# About this exercise:
A verbatim restatement of the data, free of pictures, is what you should output.

:: Data block ::

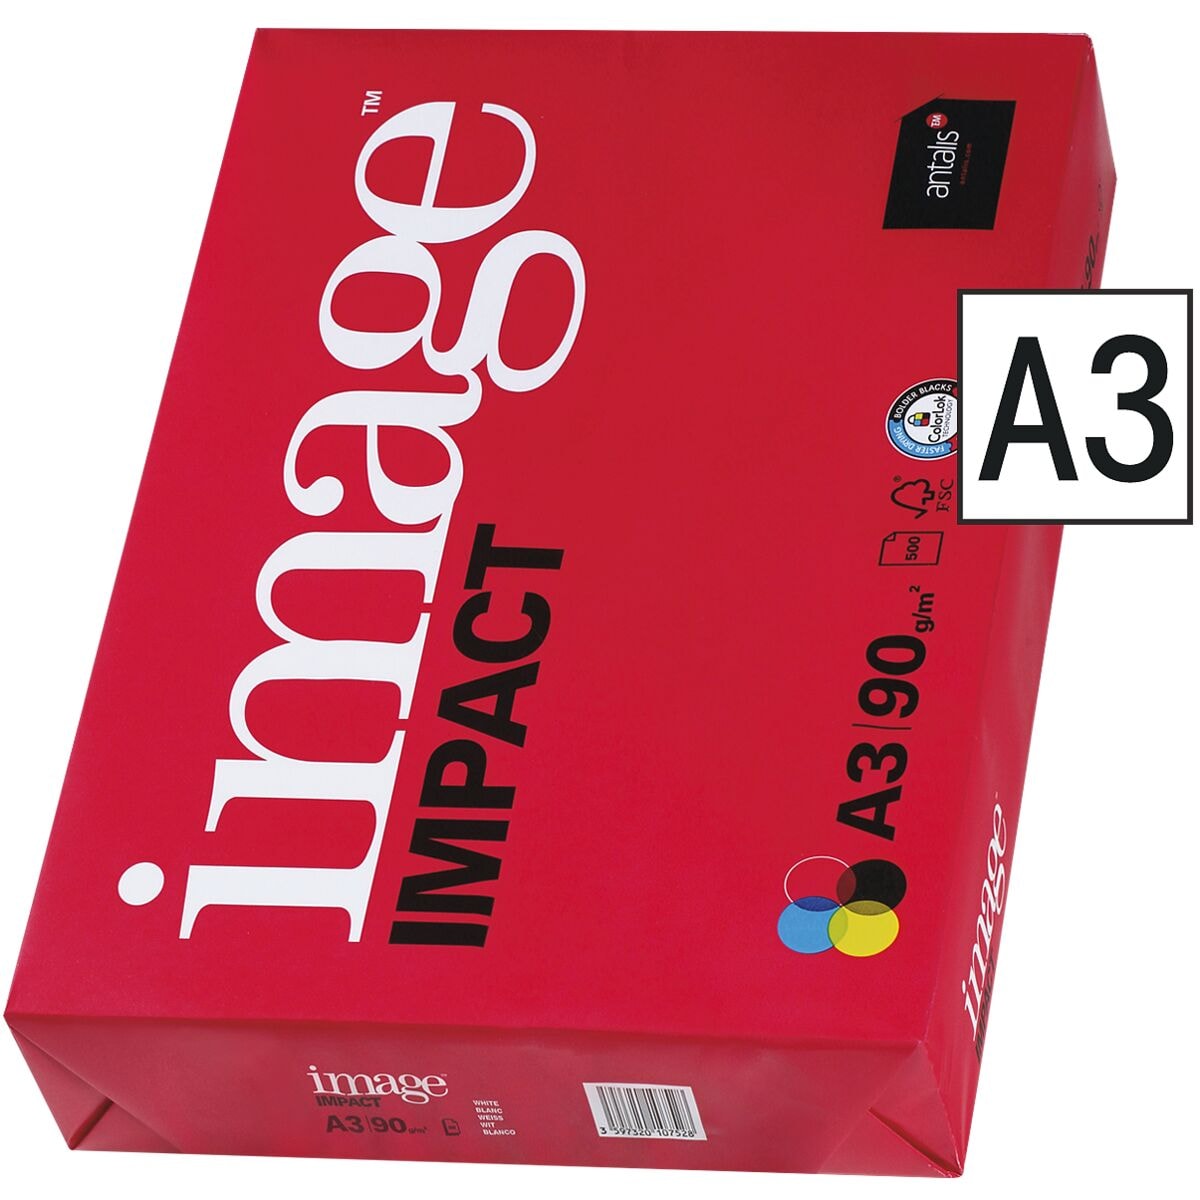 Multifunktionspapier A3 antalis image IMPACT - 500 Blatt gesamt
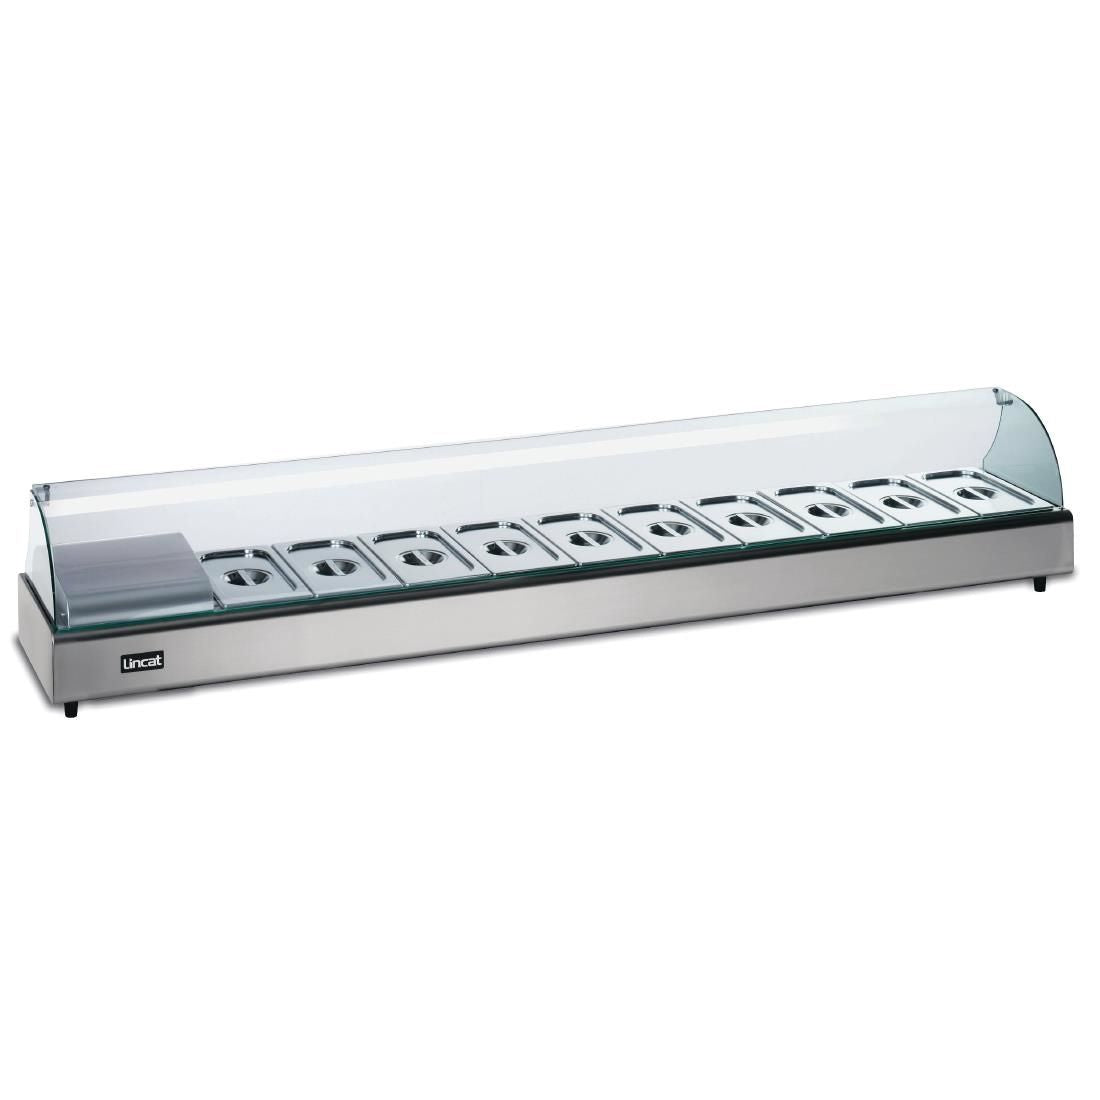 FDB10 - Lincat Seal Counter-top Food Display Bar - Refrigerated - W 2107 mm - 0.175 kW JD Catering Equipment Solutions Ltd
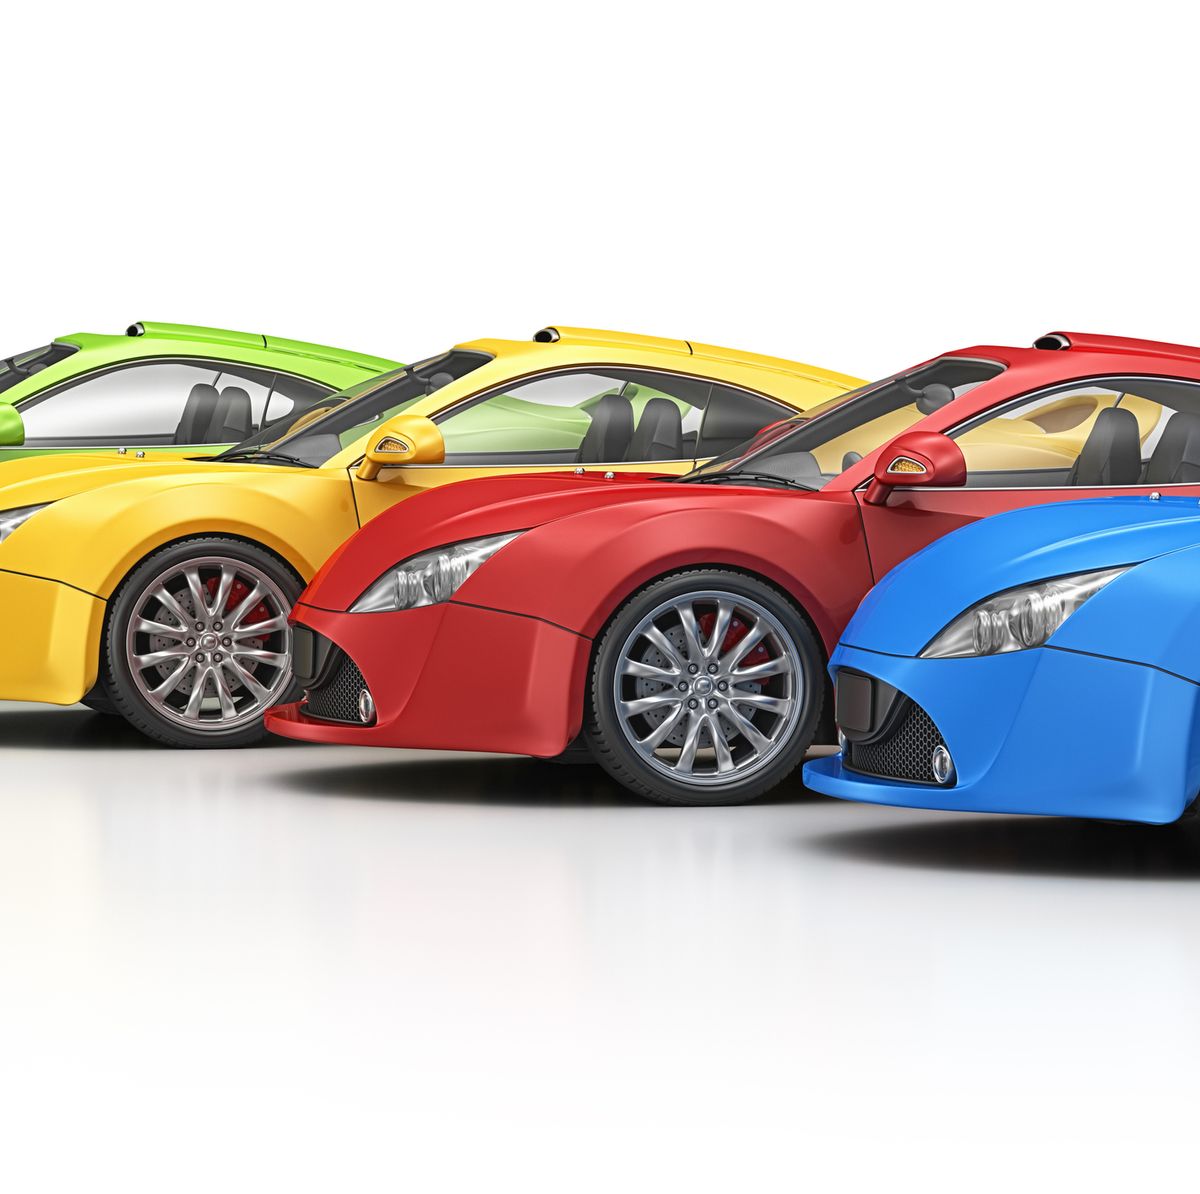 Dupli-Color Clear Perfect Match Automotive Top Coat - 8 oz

:::

# Solution to this exercise:
 Multifunktionspapier A3 antalis image IMPACT - 500 Blatt gesamt
 FDB10 - Lincat Seal Counter-top Food Display Bar - Refrigerated - W 2107 mm - 0.175 kW JD Catering Equipment Solutions Ltd
 Dupli-Color Clear Perfect Match Automotive Top Coat - 8 oz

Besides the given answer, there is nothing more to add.